*** Opening INPUT FOR THIS TASK ***

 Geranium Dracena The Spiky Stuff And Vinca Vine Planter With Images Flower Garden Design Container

*** Closing INPUT FOR THIS TASK ***
*** Opening INPUT FOR THIS TASK ***

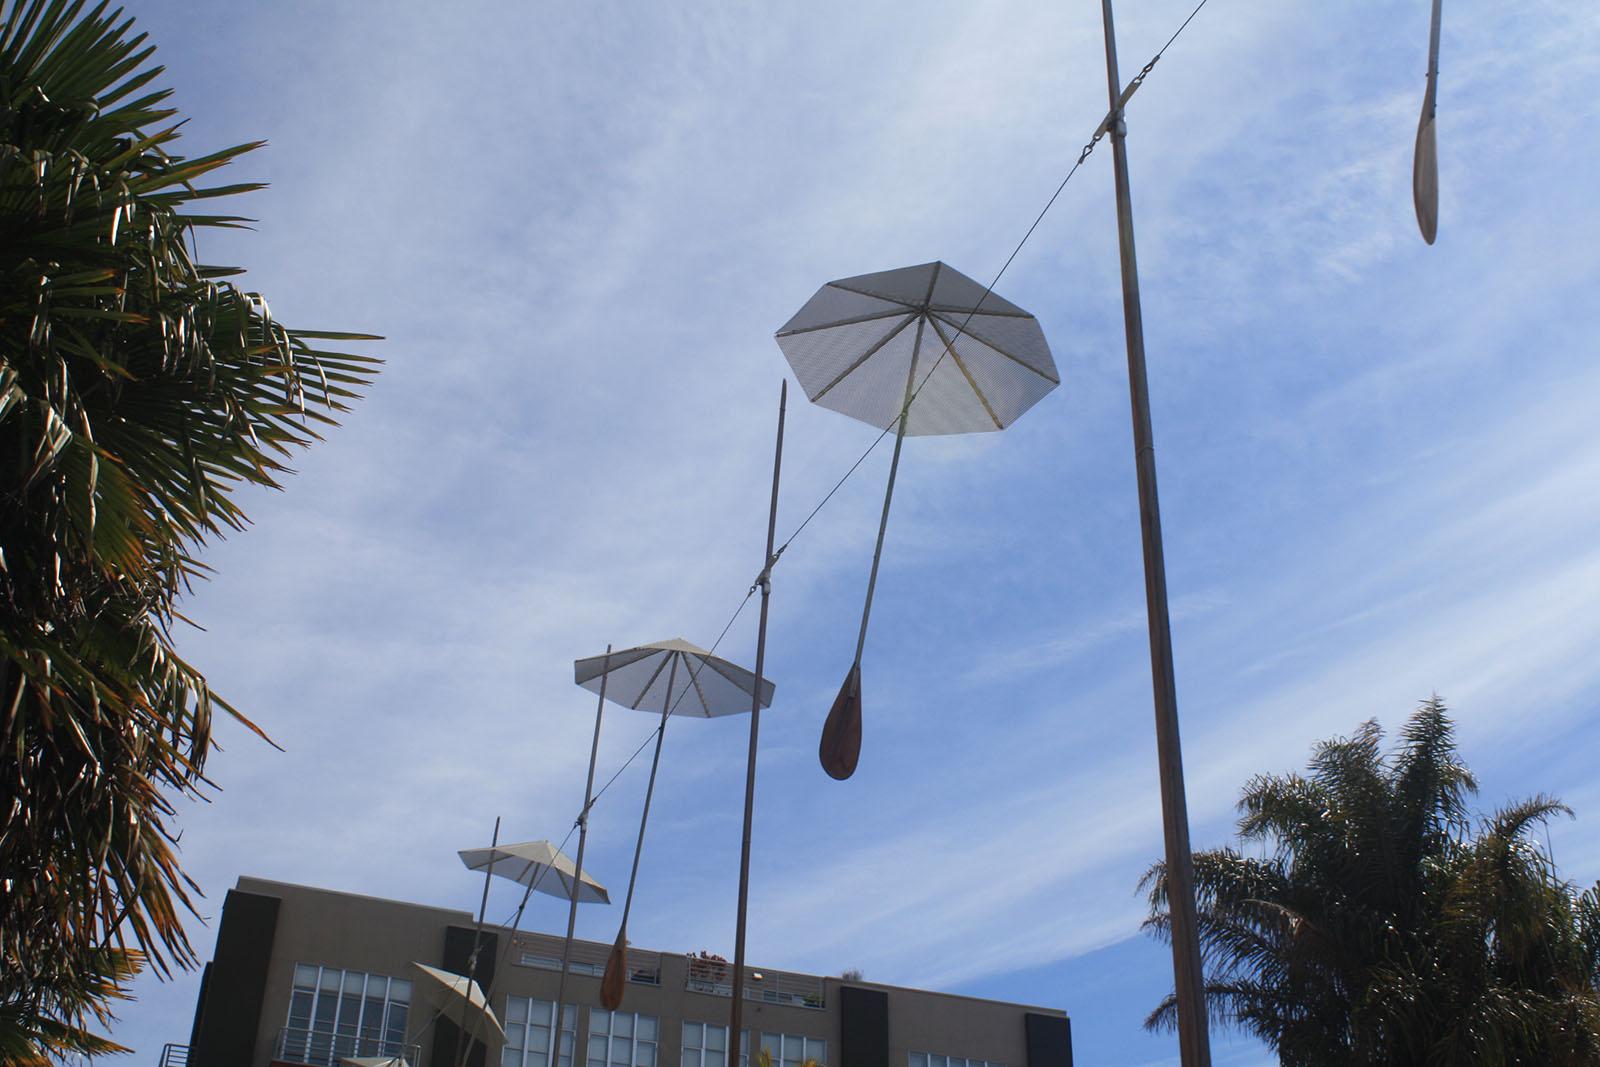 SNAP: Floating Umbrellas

*** Closing INPUT FOR THIS TASK ***
*** Opening INPUT FOR THIS TASK ***

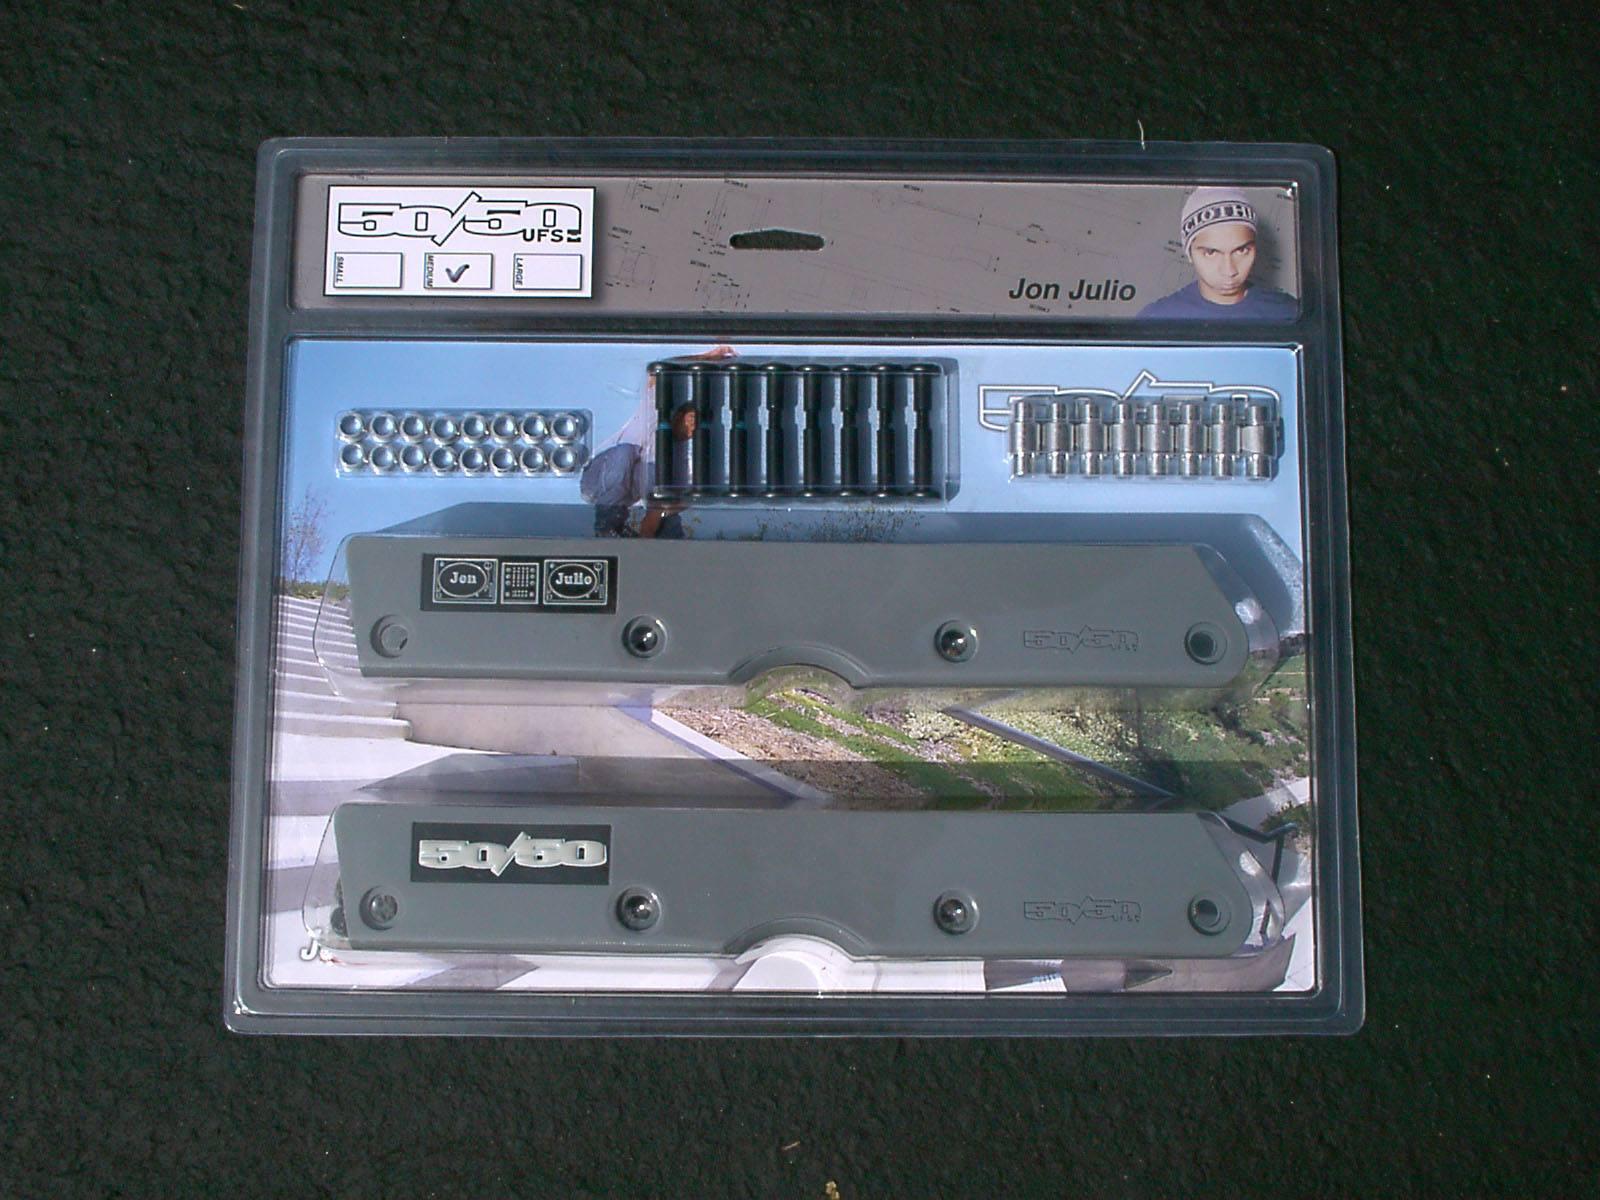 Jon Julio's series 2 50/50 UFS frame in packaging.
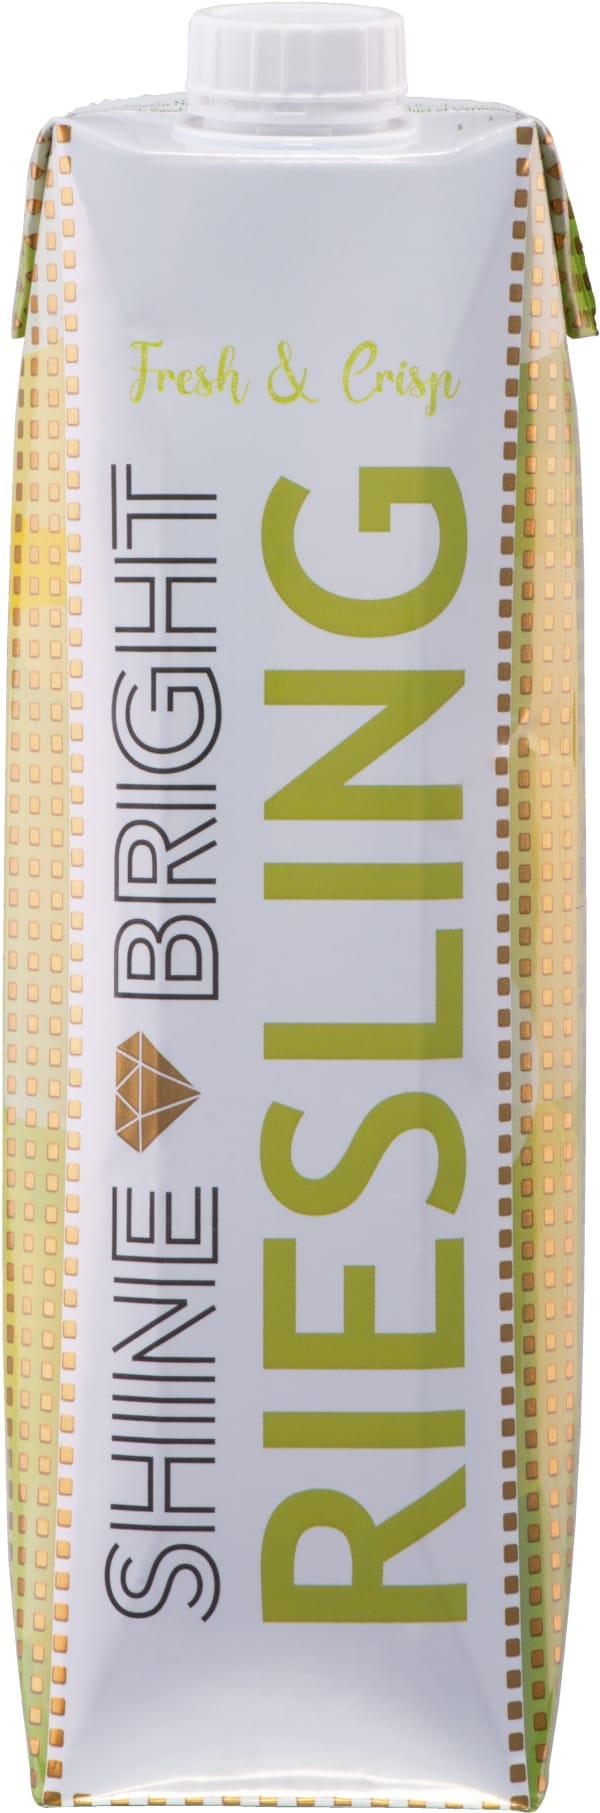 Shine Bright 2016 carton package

*** Closing INPUT FOR THIS TASK ***

Within the listing above, the lines starting at the one containing "Jon Julio's series" and ending at the one containing "Shine Bright 2016 carton package" are to be returned exactly. Omit the pictures.

● **TASK RESULT**:
 Jon Julio's series 2 50/50 UFS frame in packaging.
 Shine Bright 2016 carton package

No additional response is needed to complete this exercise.